D - Para garantia do cumprimento das obrigações emergentes do contrato referenciado em A), foi constituída hipoteca sobre o prédio urbano sito em …, freguesia…, concelho de Albergaria-a-Velha, inscrito na matriz sob o artigo 2248 e descrito na Conservatória do Registo Predial de Albergaria-a-Velha sob o n.º 353.
E - No exercício da sua atividade creditícia, a exequente B…, S.A. celebrou em 11 de agosto de 2006, com E…, um Contrato de Mútuo com Hipoteca e Fiança, no montante de 10.000,00€.
F - Contrato esse em que os embargantes figuram na qualidade de fiadores.
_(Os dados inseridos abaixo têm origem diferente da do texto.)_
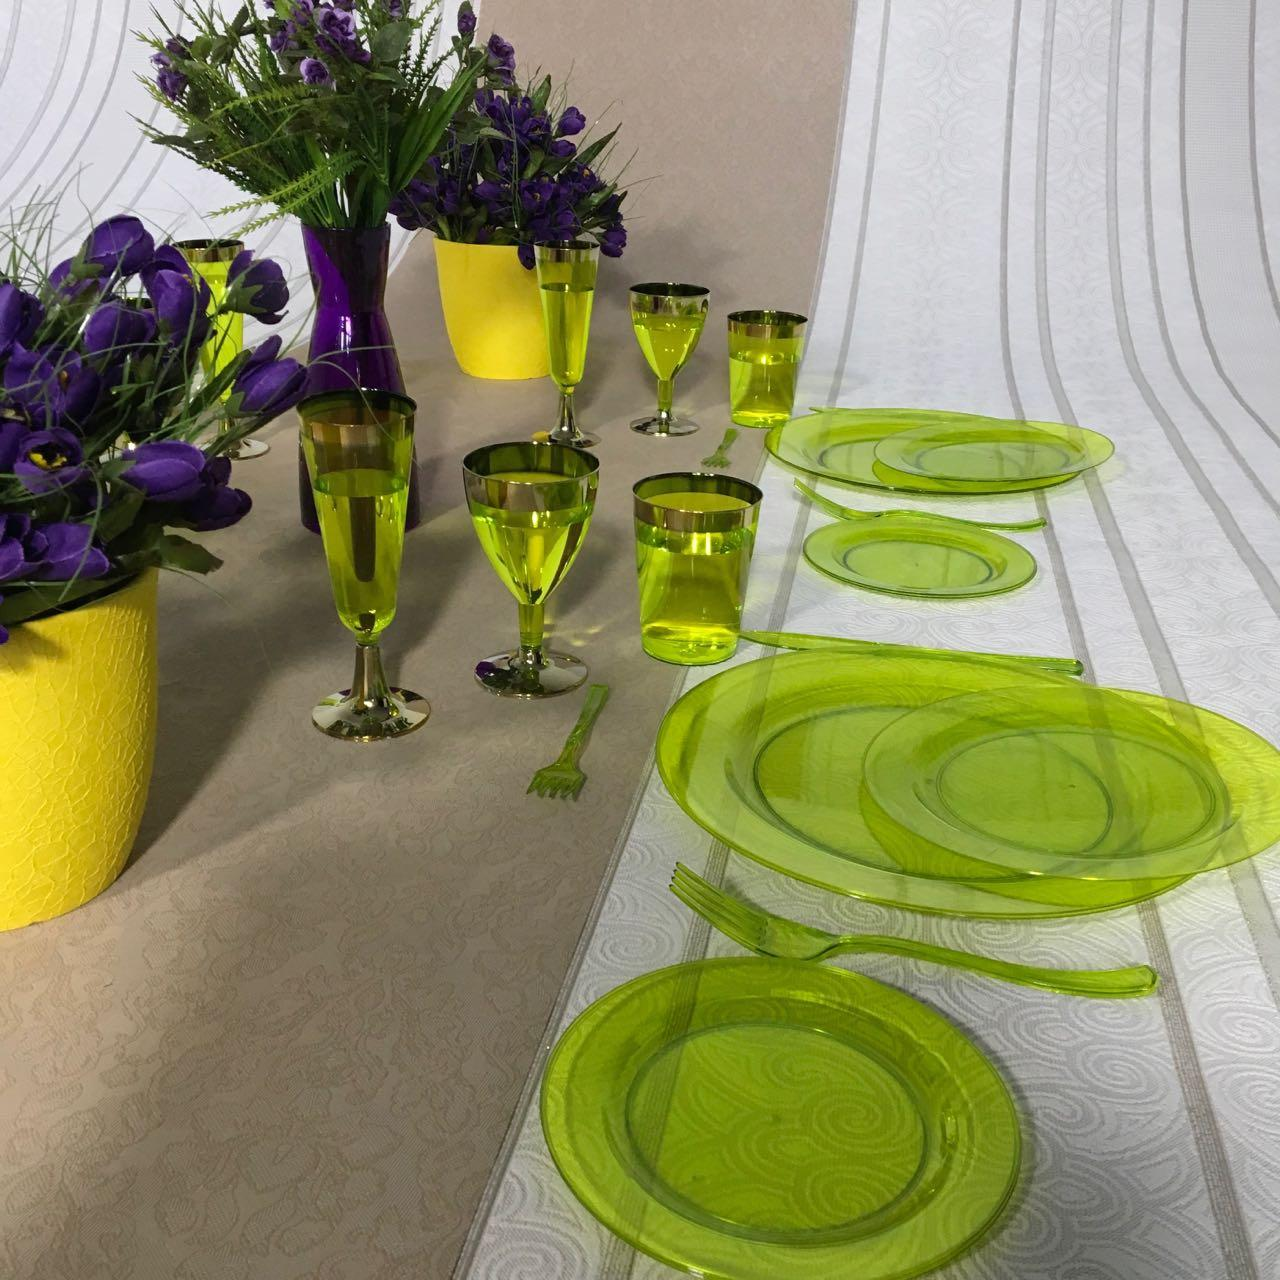 Тарелки стеклопластик многоразовые оптом от производителя для ресторанов ,кейтеринга, хореки CFP 6 шт 260 мм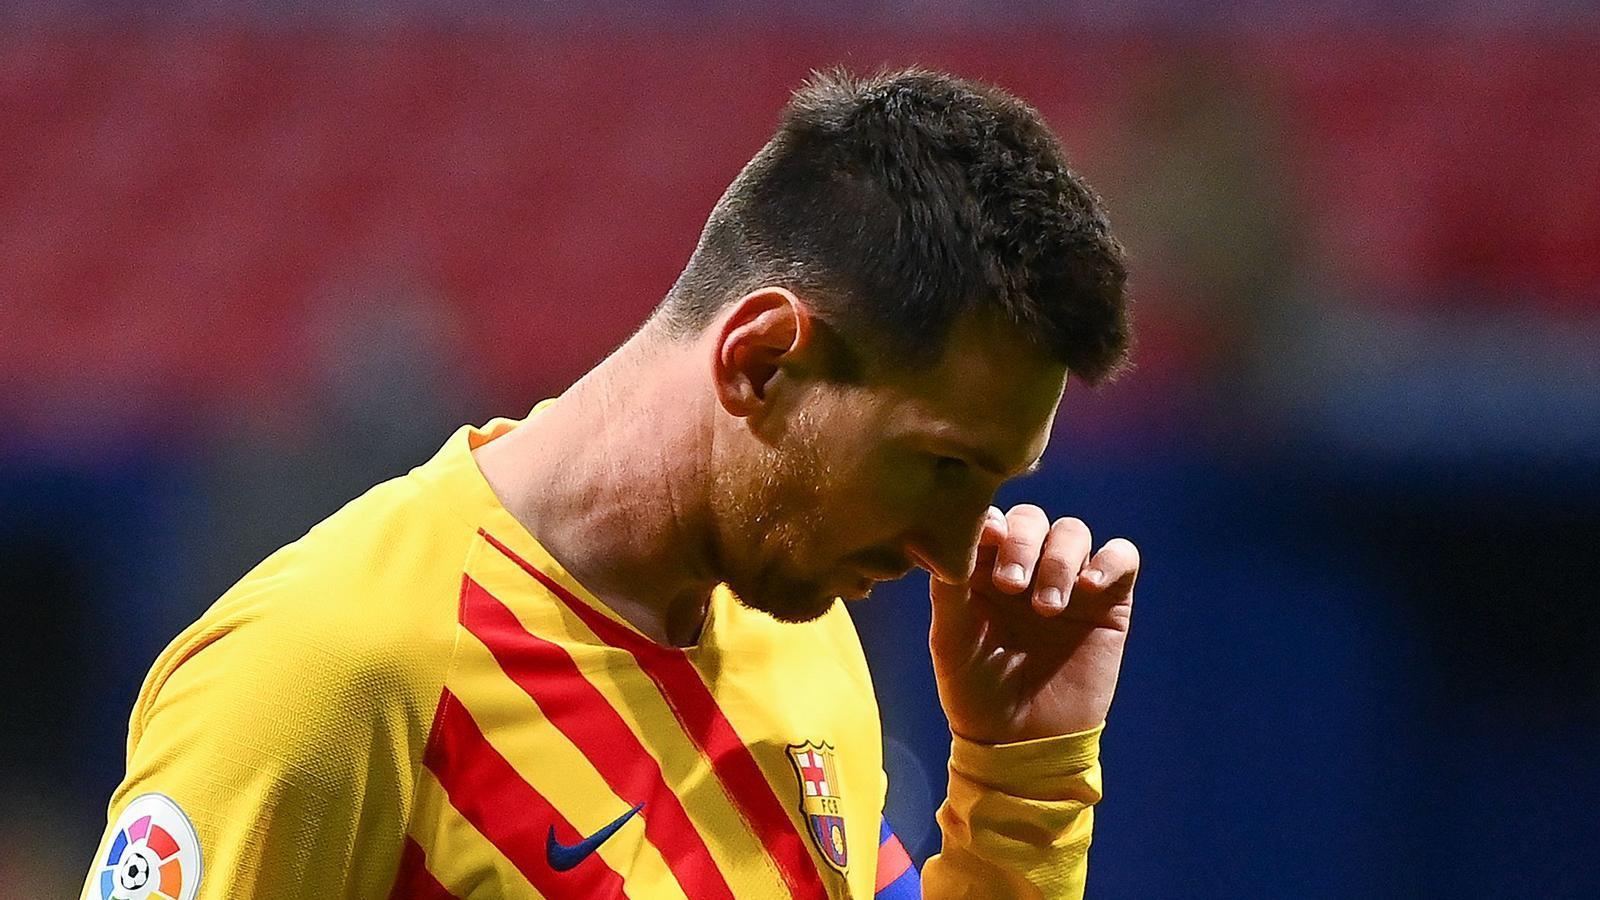 La impotència de Messi

G - A cláusula 12.ª do contrato em causa, com a epígrafe “Garantia e Fiança”, prevê o seguinte: “Os terceiros outorgantes responsabilizam-se solidariamente com os segundos como seus fiadores e principais pagadores pelo pagamento de tudo o que vier a ser devido à B… em consequência deste contrato e dão desde já o seu acordo a todas e quaisquer modificações de prazo ou moratórias que venham a ser convencionadas entre a B… e, bem assim, às alterações da taxa de juro permitidas por este contrato, renunciando-se ao benefício da excussão prévia e aceitando que a estipulação relativa ao extrato da conta e aos documentos de débito seja também aplicável à fiança.”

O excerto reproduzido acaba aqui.